MehmedGIT commented 1 year ago

it should be as consistent with the existing CLIs as possible. And I would prefer names of operations instead of HTTP mnemonics (POST/GET/PUT)

Agree. I am also not a big fan of the HTTP mnemonics for the CLI.

Worth noting that the list option can get big really fast if the listing is not done just on user level when there are many users.

bertsky commented 1 year ago

Worth noting that the list option can get big really fast if the listing is not done just on user level when there are many users.

Yes, but adding user management like fastapi-users should not be difficult, IMO this is out of scope for core.

bertsky commented 1 year ago

@MehmedGIT we currently have the ocrd network client processing processor NAME --address ADDR --agent-type=worker (via publish_to_queue asynchronously) and --agent-type=server (via push_to_processor_server synchronously). The latter also uses the Processing Server – but shouldn't the client in that case try to connect to the Processor Server directly? Or would that be another independent client command (say ocrd network client processor ADDR)?
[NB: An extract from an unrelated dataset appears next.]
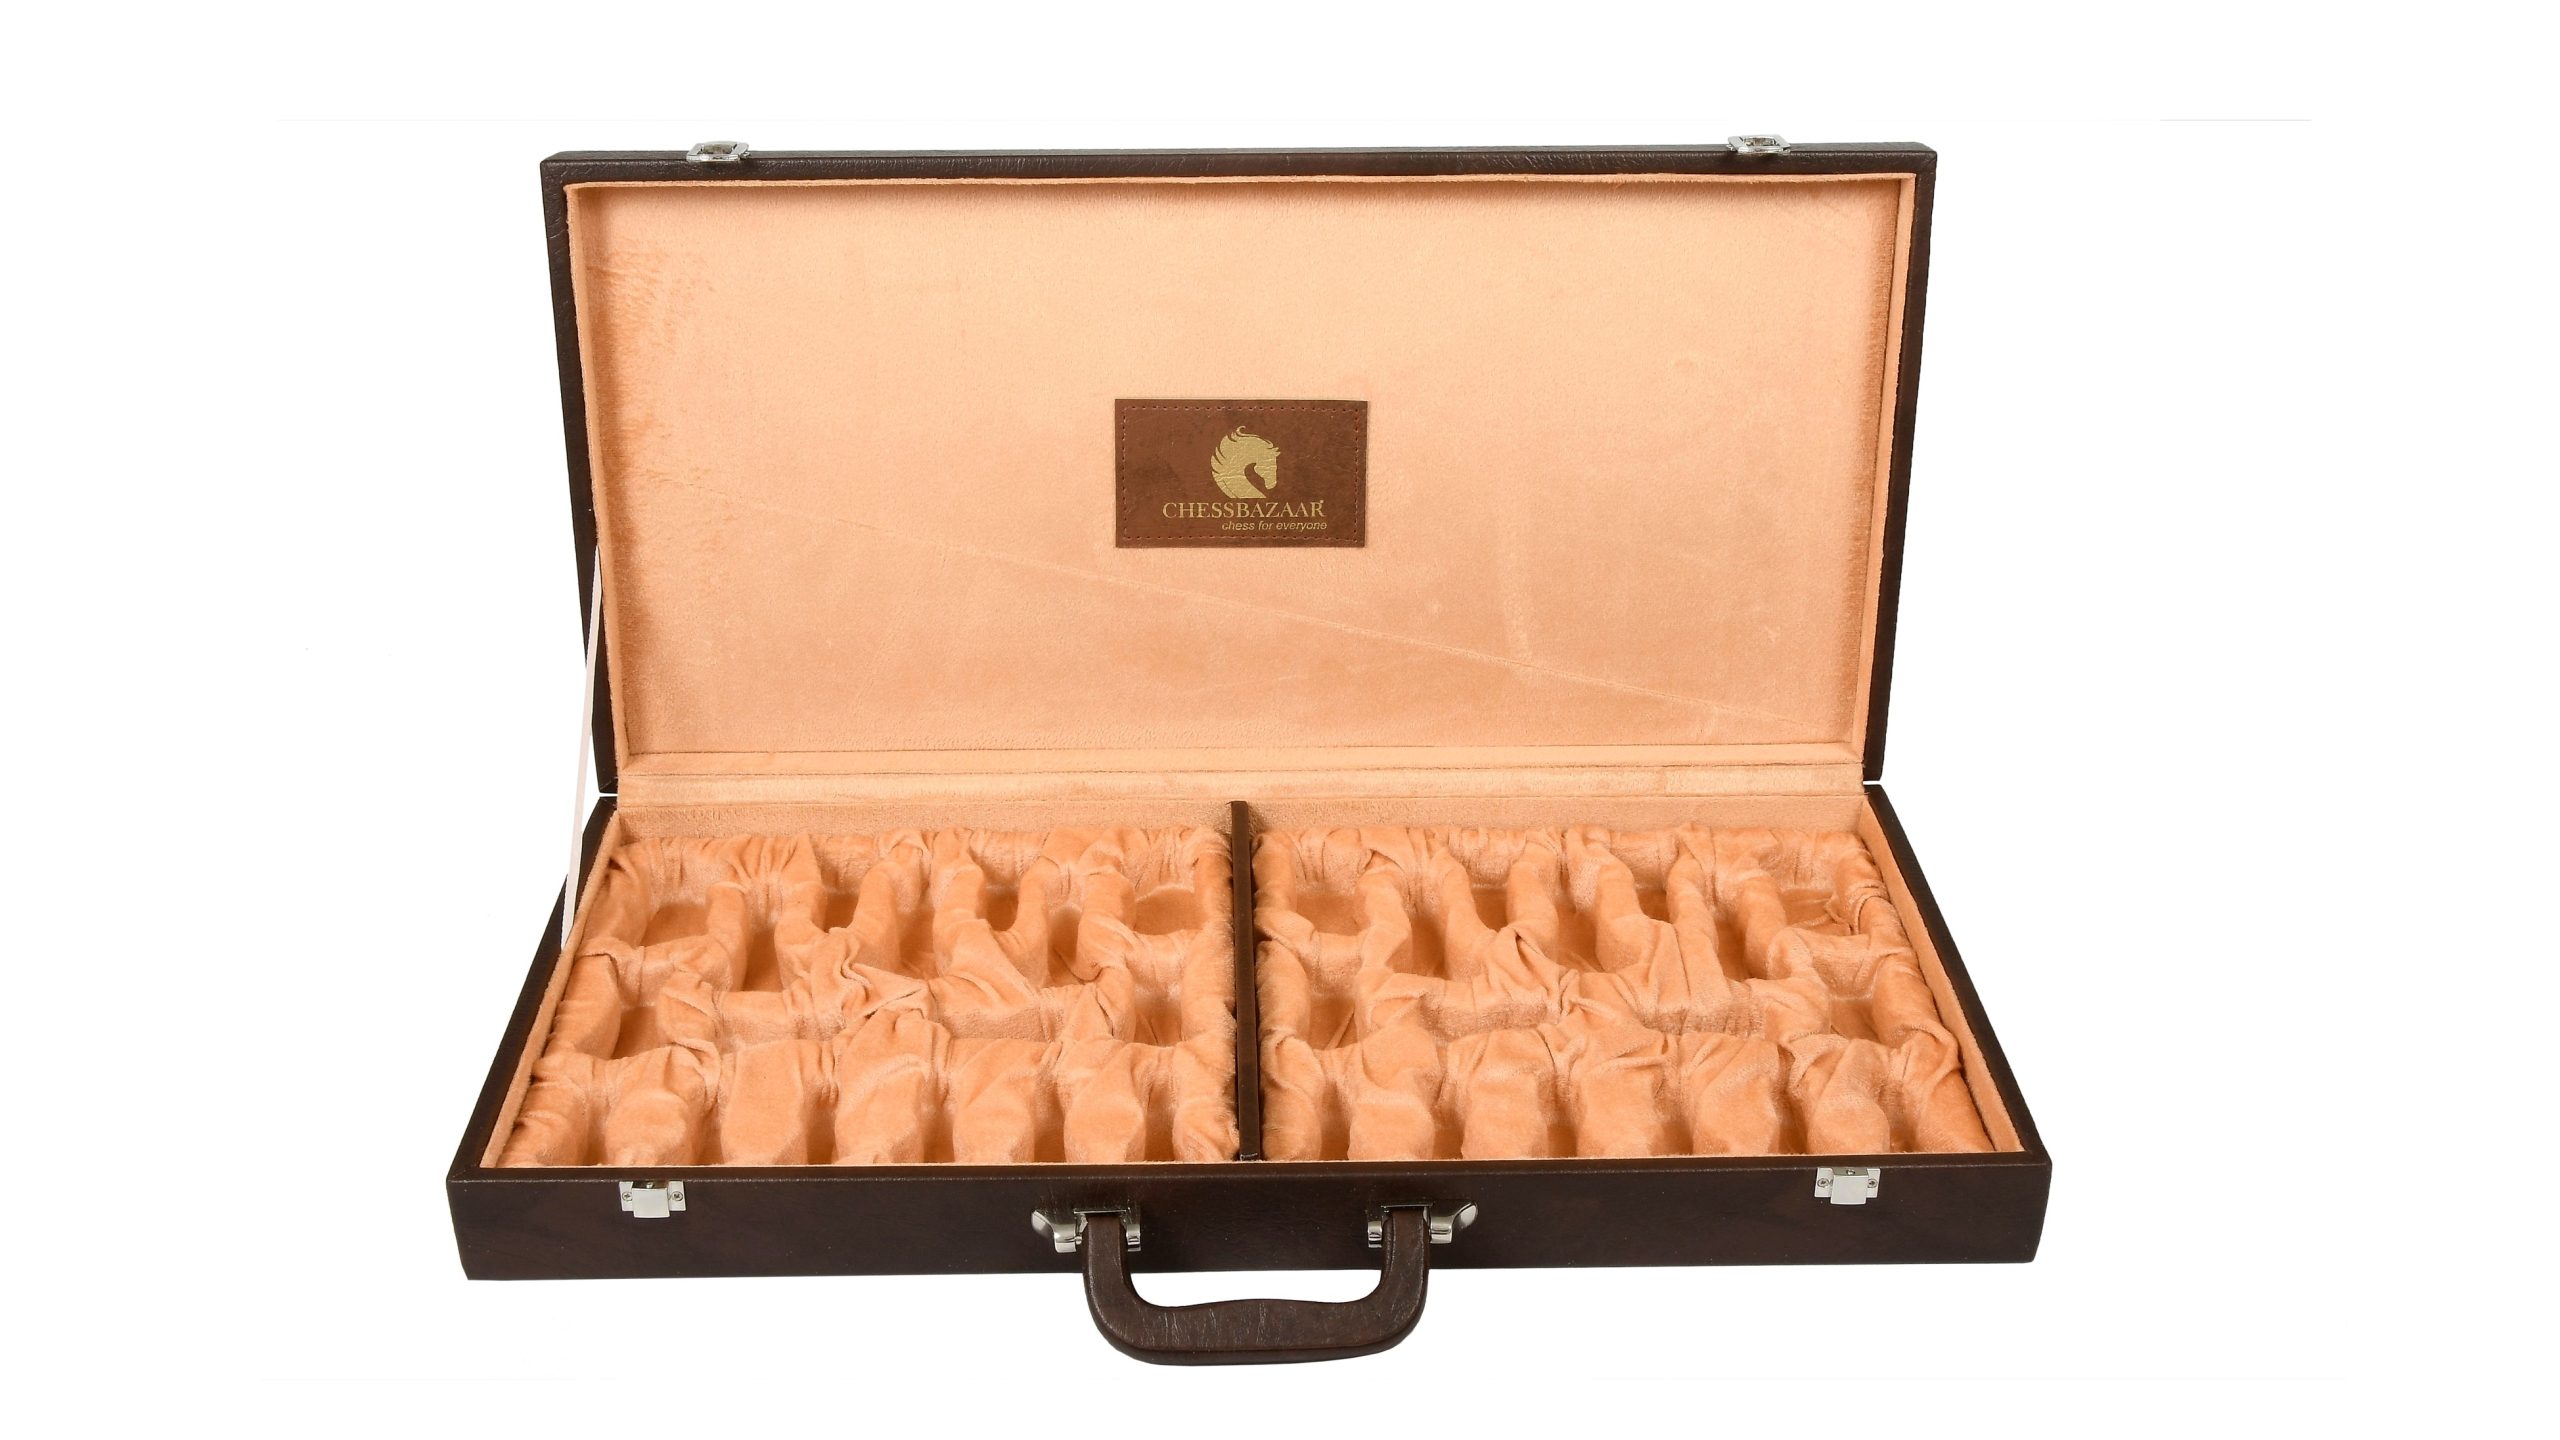 LEATHERETTE CHESS SET BRIEFCASE STORAGE BOX COFFER (BROWN COLOR) WITH FIXED SLOTS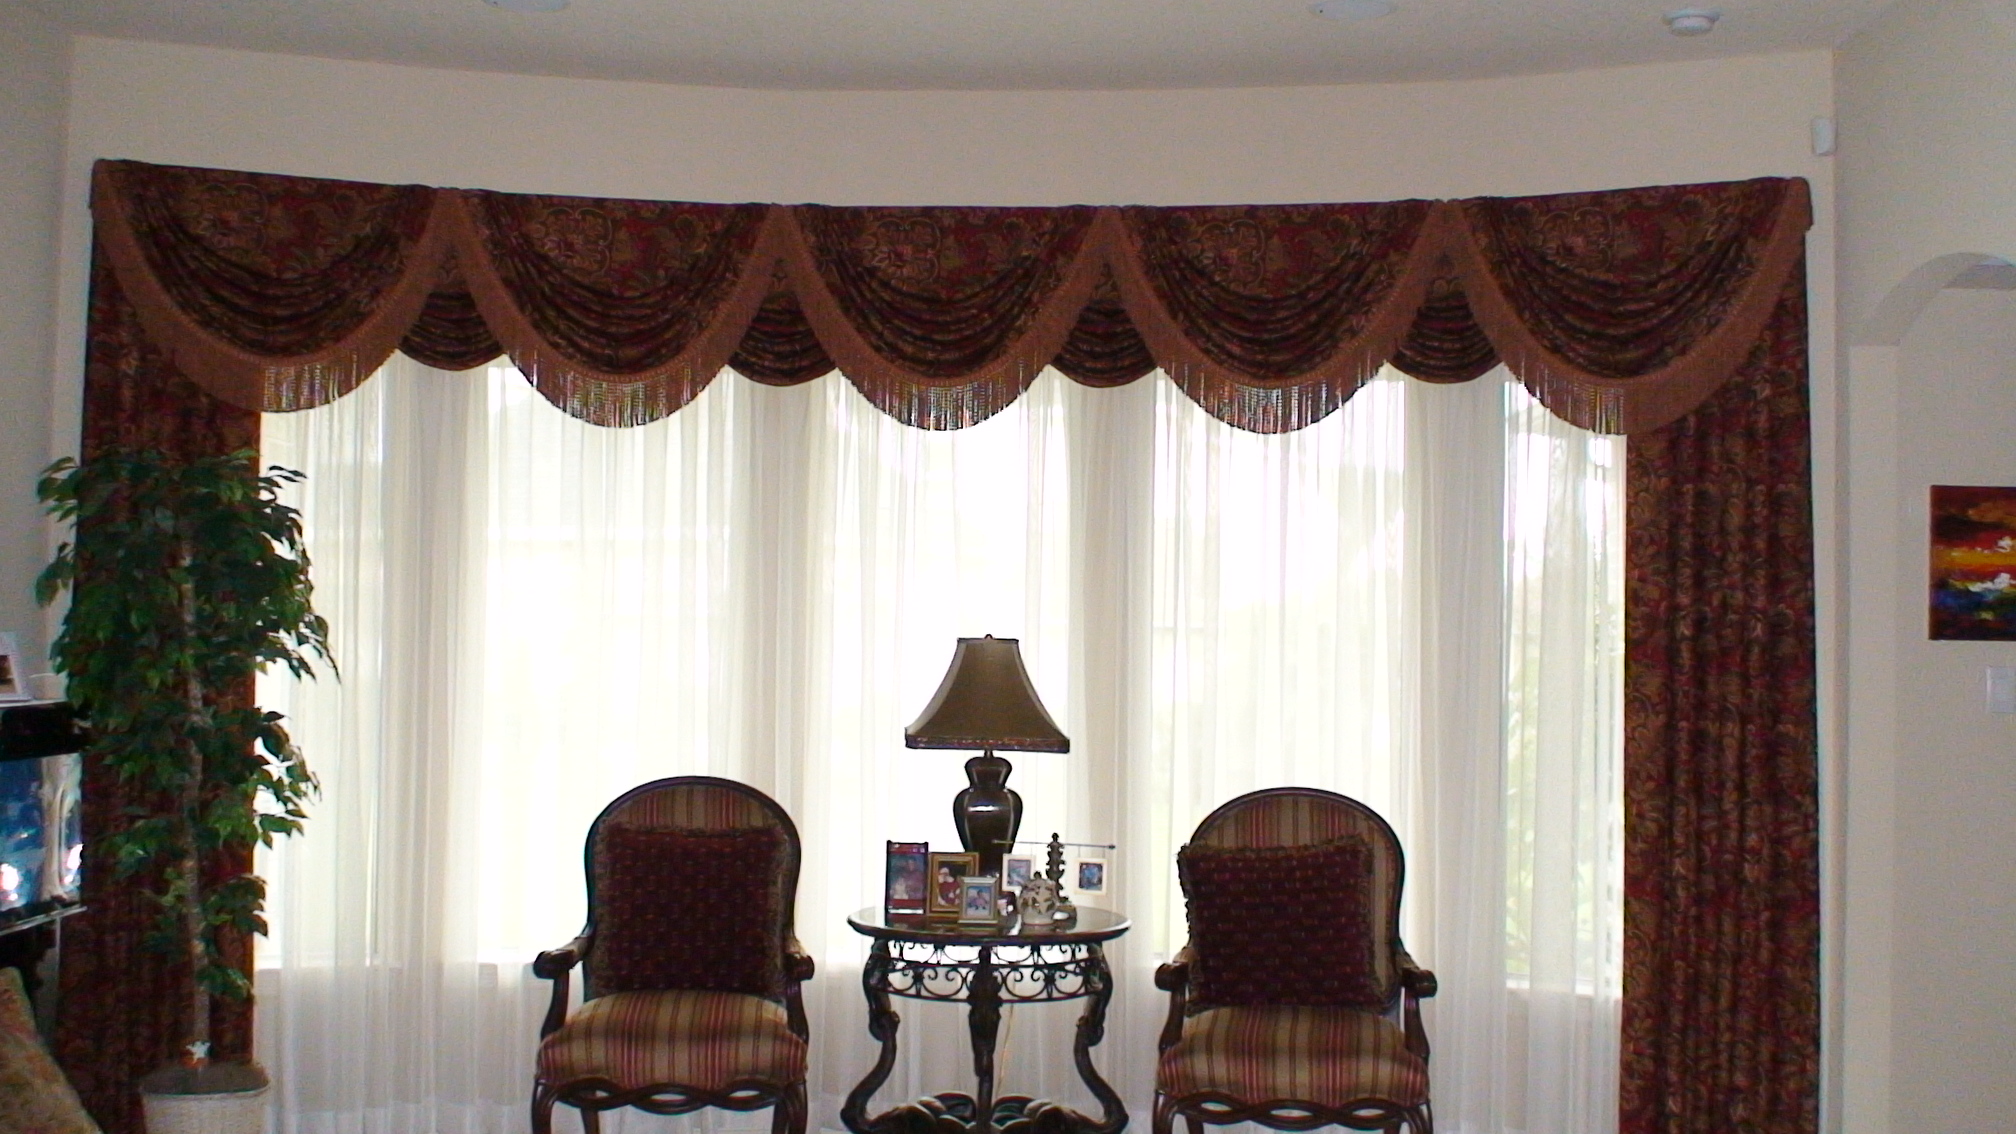 professional custom made draperies dress your window beautifully. it brings  the color, PQOCBNQ

(Background: @joschrew in https://github.com/OCR-D/ocrd_all/pull/386 started implementing the ocrd_all-based deployment with docker compose for servers and the client CLIs – currently for the Processing Server model only. For the Processor Server model it would not make sense to use the Processing Server at all, but we have no client CLI yet.)

MehmedGIT commented 1 year ago

Or would that be another independent client command (say ocrd network client processor ADDR)?

It would be rather that to allow both ways.

For the Processor Server model it would not make sense to use the Processing Server at all, but we have no client CLI yet.

Right, the client CLI should be extended to support that.